It was a serious thing for me. For the life of me I could not get them into focus again for my grand pictorial composition of a community all playing the game of life for mutual diversion. Theirs was rather that infernal game of bowls in the Fourth Circle, where the tormented wretches will roll the balls in one another’s faces, when a more sensible direction would give them delightful sport. I drove home, telegraphed an excuse to the Constitutional Association, and, I am ashamed to say, went to bed.

I was no better next morning. Human society was still out of focus. I describe the complaint with some minuteness, because I believe it is quite a new case for the books, and I may go down to posterity, with my name tacked to this disease, like a second Bright. The anguish is insufferable: it is a sort of intense vertigo, with a very disagreeable accompaniment of sickness in the region of the heart, that robs life of all joy. The men and women about you, instead of having any relation to one another of love, friendship, trust, sympathy, and use, become a mass of gyrating atoms, with nothing but repulsions for their principle of movement. At times you do not know your own brother for such. They form no whole; they will not compose; say, rather, they are out of focus, I come back to that. How to get them in?
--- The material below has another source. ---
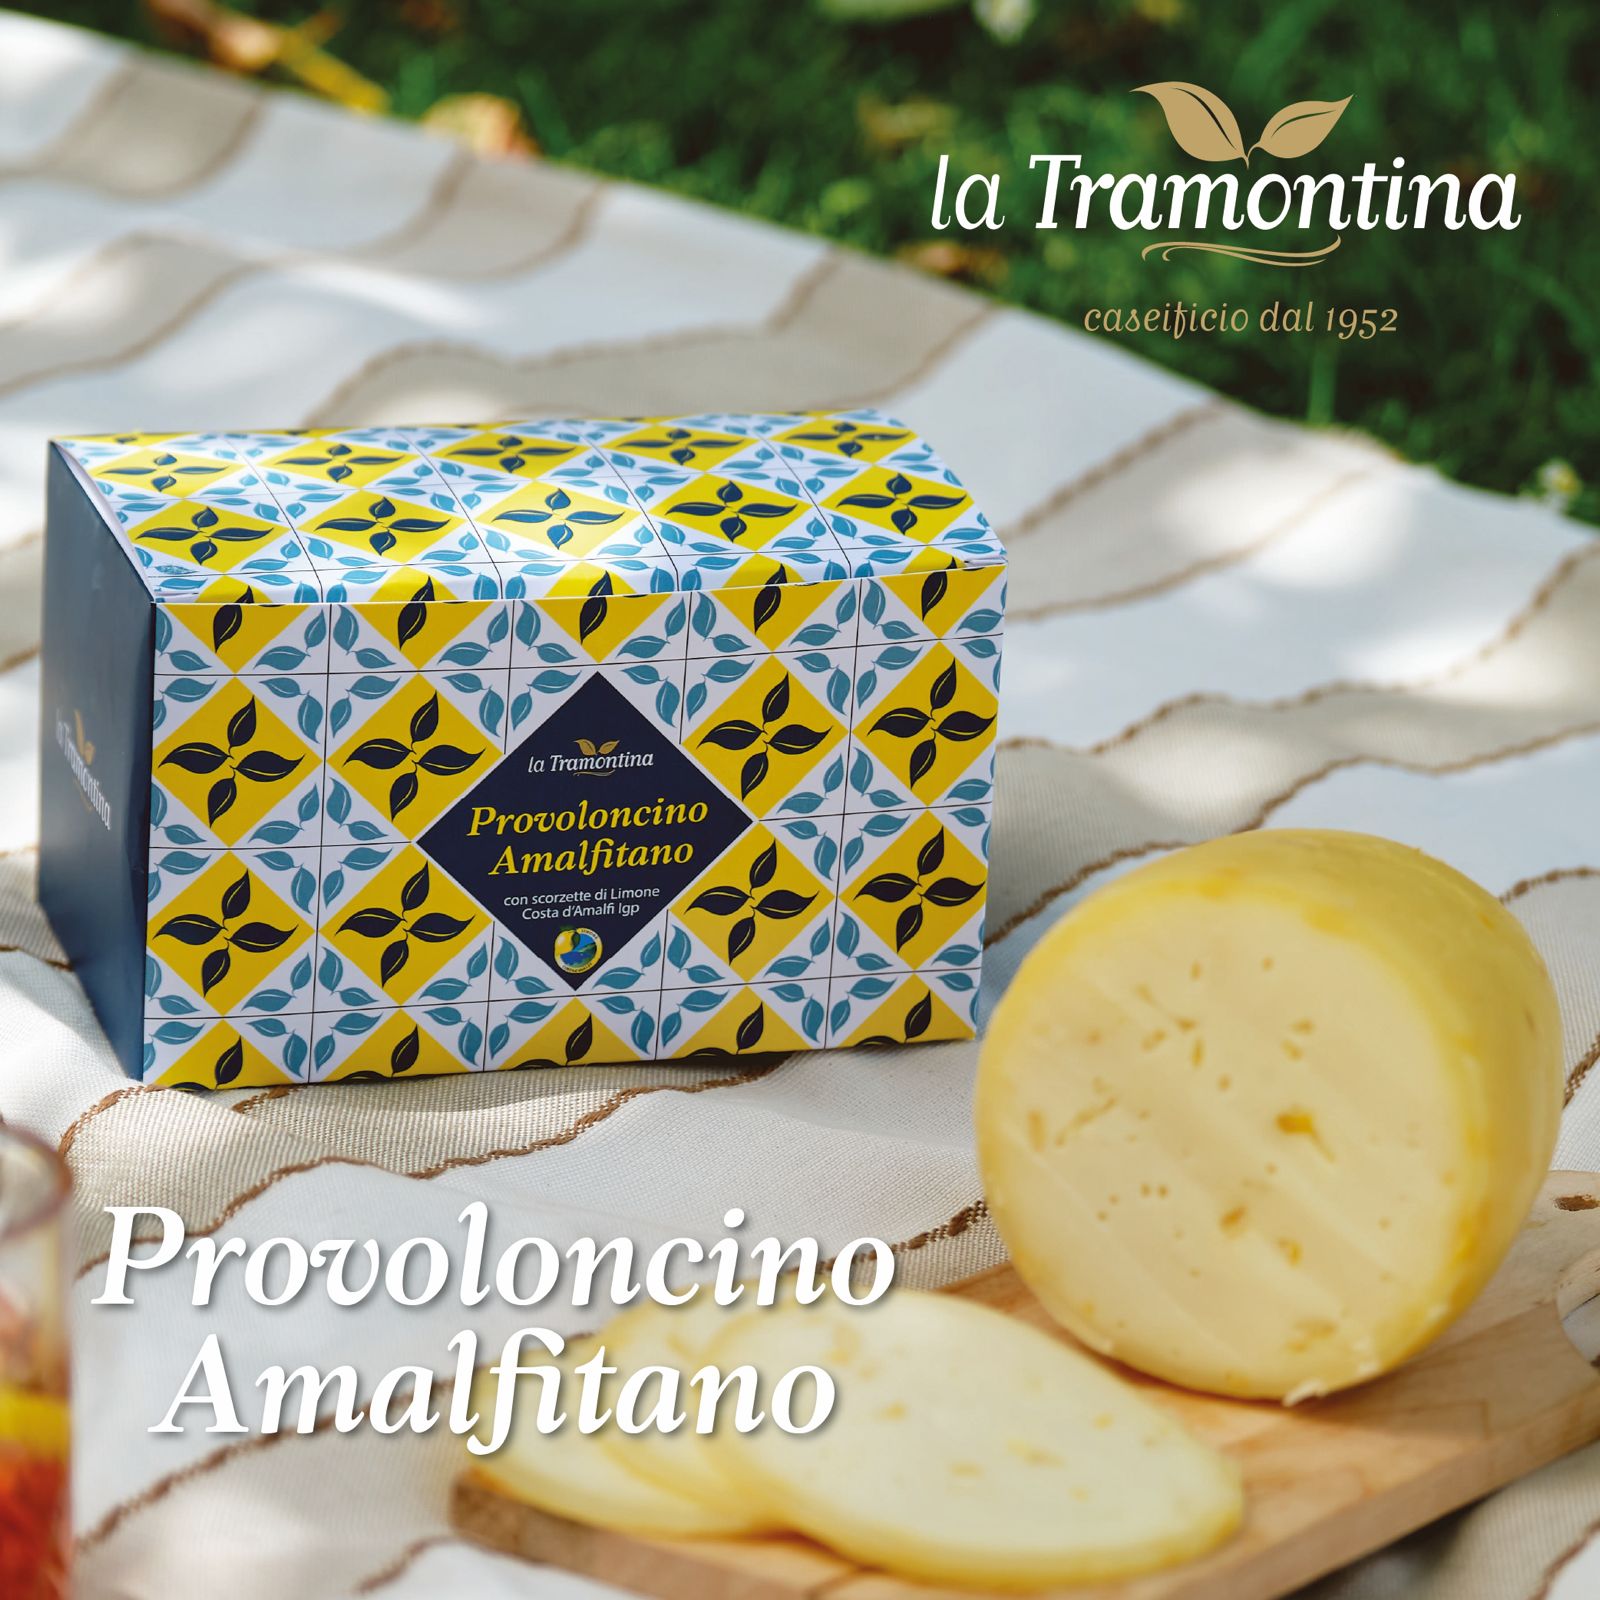 Provoloncino Amalfitano, con scorzette di Limone Costa d'Amalfi IGP firmato 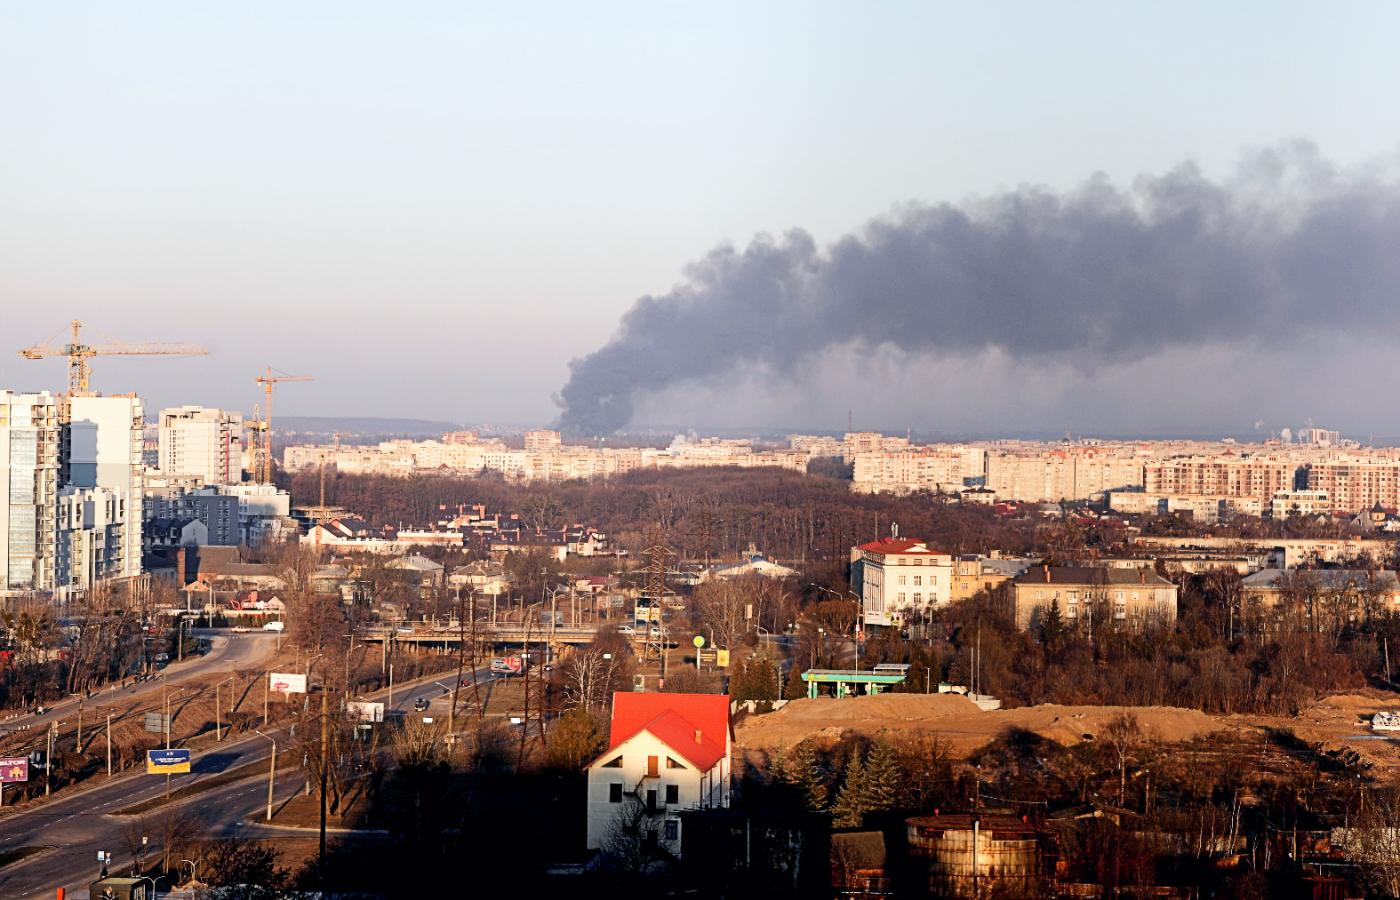 Atak na zakłady remontowe pod Lwowem, 18 marca 2022 r.

I consulted a friend of a most practical order of mind, and, while frankly confessing his ignorance of the complaint, he thought, from my persistent mention of the word focus, that distance might be the remedy. ‘You were too near,’ he said, ‘get further off. Go down to Richmond, and dine.’ I thought there might be something in that, and I took his advice. Still it would not come right. So I started for Paris by the night mail.

CHAPTER II.
FURTHER AFIELD.

London was now quite out of the question: Paris compelled me to be so busy with itself. I had not seen it for years, and had never gone below the surface. The tomb of Napoleon, and the view from the Arch (see Guide) were about the measure of my experience. This time I found a guide of another kind, and he gave me a glimpse of the real show.

He put me down at the Flute, a delightful club, where they try to amuse themselves all the year round. When they are not fiddling, at select evening concerts, they are showing their pictures; and when they are not showing their pictures, they are holding an assault-at-arms—the Flute is a great school of fence—or reviewing the year in a fancy piece, written, mounted, and played by their own men, in their own theatre. My Mentor gave me a month—as he facetiously put it—at another club, the choicest thing there. Through an acquaintance at the Jockey, I found a box-seat on a coach for the private race meeting at La Marche—very pretty, very select; no coming in your thousands, as at the Grand Prix, but just a snug thing between you and me, and a few others, of entirely the right sort. The women looked sweet and fresh as a bed of primroses; the course was like a tennis lawn; we lunched al fresco, and no one threw bones on the grass. Far, far away the yell of the bookmaker, and the smell of town. I never enjoyed anything more.

I was presented all round, and was engaged for a reception that night, at the house of one of the chaperones.

‘You will see the best salon in Paris,’ said A.

‘And what is a salon?’

‘Well, I don’t know; they say nobody knows but themselves. Perhaps a crowd of clever people trying to kill the worm of ennui. Nothing like that at home, where the beast is as sacred as the cow at Benares.’